Vector proof using Levi-Civita notation

Question

Can anyone expand/simplify this proof: I am unsure why it is the partial derivative with respect to $x_i$, is there no $x_j$ or $x_k$?

$$ \begin{align} \underline{\nabla} \cdot (\underline{A} \times \underline{B}) &= \frac{\partial}{\partial x_i} \epsilon_{ijk} A_j B_k \\ &= \epsilon_{ijk} \left(\frac{\partial A_j}{\partial x_i}\right) B_k + \epsilon_{ijk} A_j \left(\frac{\partial B_k}{\partial x_i}\right) \\ &= B_k \epsilon_{kij} \frac{\partial A_j}{\partial x_i} - A_j \epsilon_{jik} \frac{\partial B_k}{\partial x_i} \end{align} $$

Any help is much appreciated!

Answer 1

The reason the derivatives are with respect to $x_i$ only, is that we write $(\nabla)_i =\hat x_i\cdot \nabla=\partial_i$.
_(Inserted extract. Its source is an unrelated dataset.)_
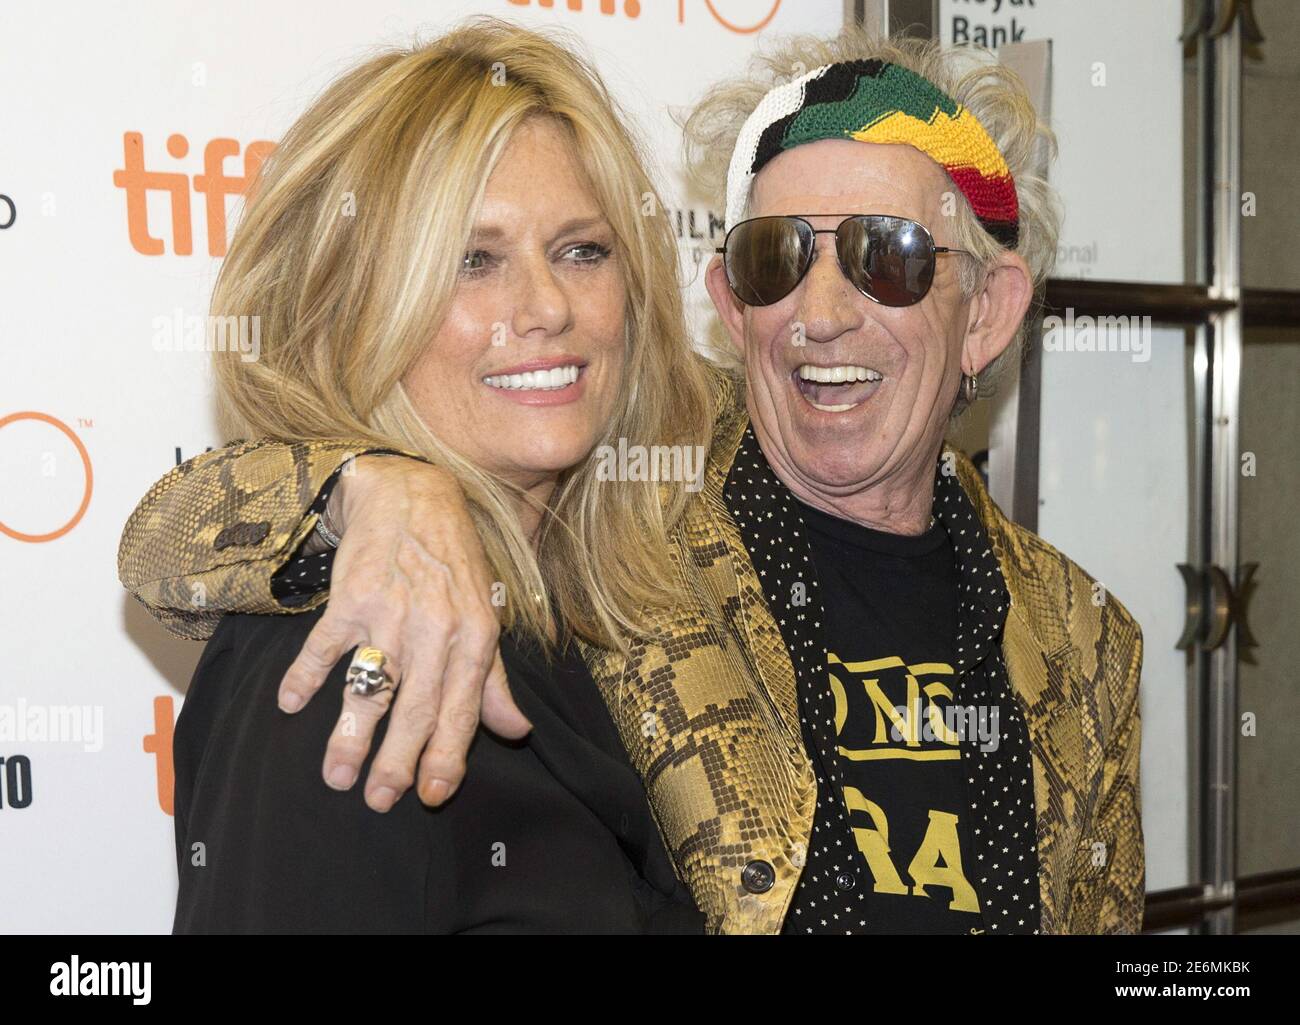 Rolling Stones guitarist Keith Richards arrives with his wife Patti Hansen  on the red carpet for the film "Keith Richards: Under the Influence" during  the 40th Toronto International Film Festival in Toronto,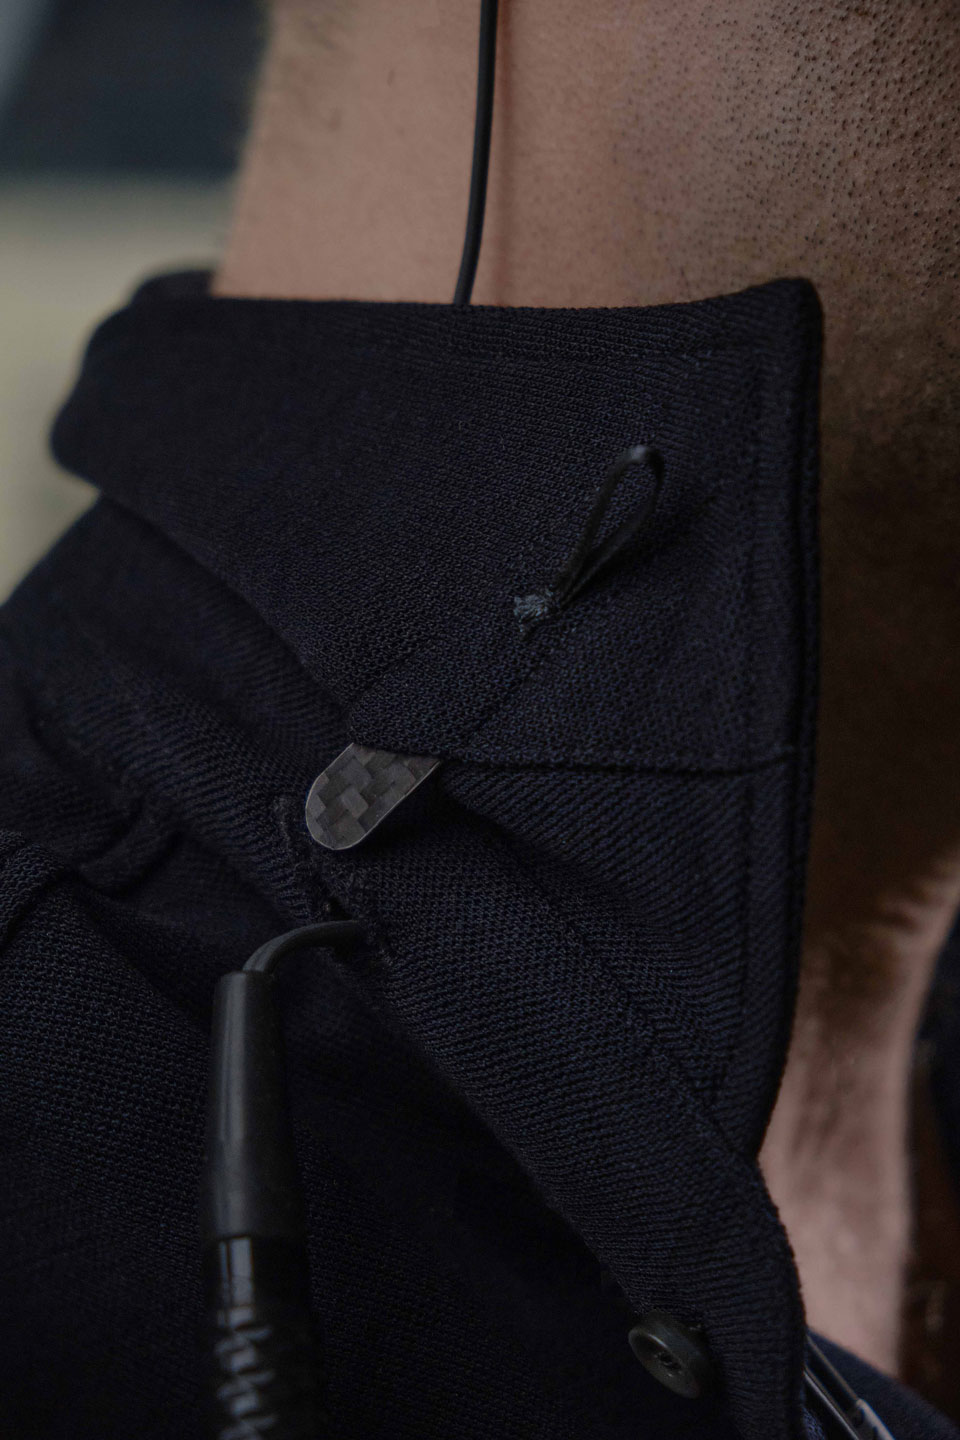 Close up of pique merino polo shirt collar with carbon fibre insert from Grayman and Company

We can proceed using this notation by writing

$$\nabla \cdot (\vec A\times\vec B)=(\hat x_i\partial_i)\cdot (\hat x_jA_j\times\hat x_kA_k)$$

where the summations over $i,j,k$ are implied.

Then, continuing we have

$$(\hat x_i\partial_i)\cdot (\hat x_j A_j\times\hat x_k A_k)=\hat x_i \cdot (\hat x_j\times\hat x_k)(A_j\partial_i(B_k)+B_k\partial_i(A_j))$$

The scalar triple product is invariant under a "circular shift" and hence

$$\begin{align} \hat x_i \cdot (\hat x_j\times\hat x_k)(A_j\partial_i(B_k)+B_k\partial_i(A_j))&=-\hat x_j \cdot (\hat x_i\times\hat x_k)(A_j\partial_i(B_k)) + \hat x_k \cdot (\hat x_i\times\hat x_j)B_k\partial_i(A_j))\\\\ &=\vec B\cdot \nabla \times \vec A-\vec A\cdot \nabla \times \vec B \end{align}$$

as expected.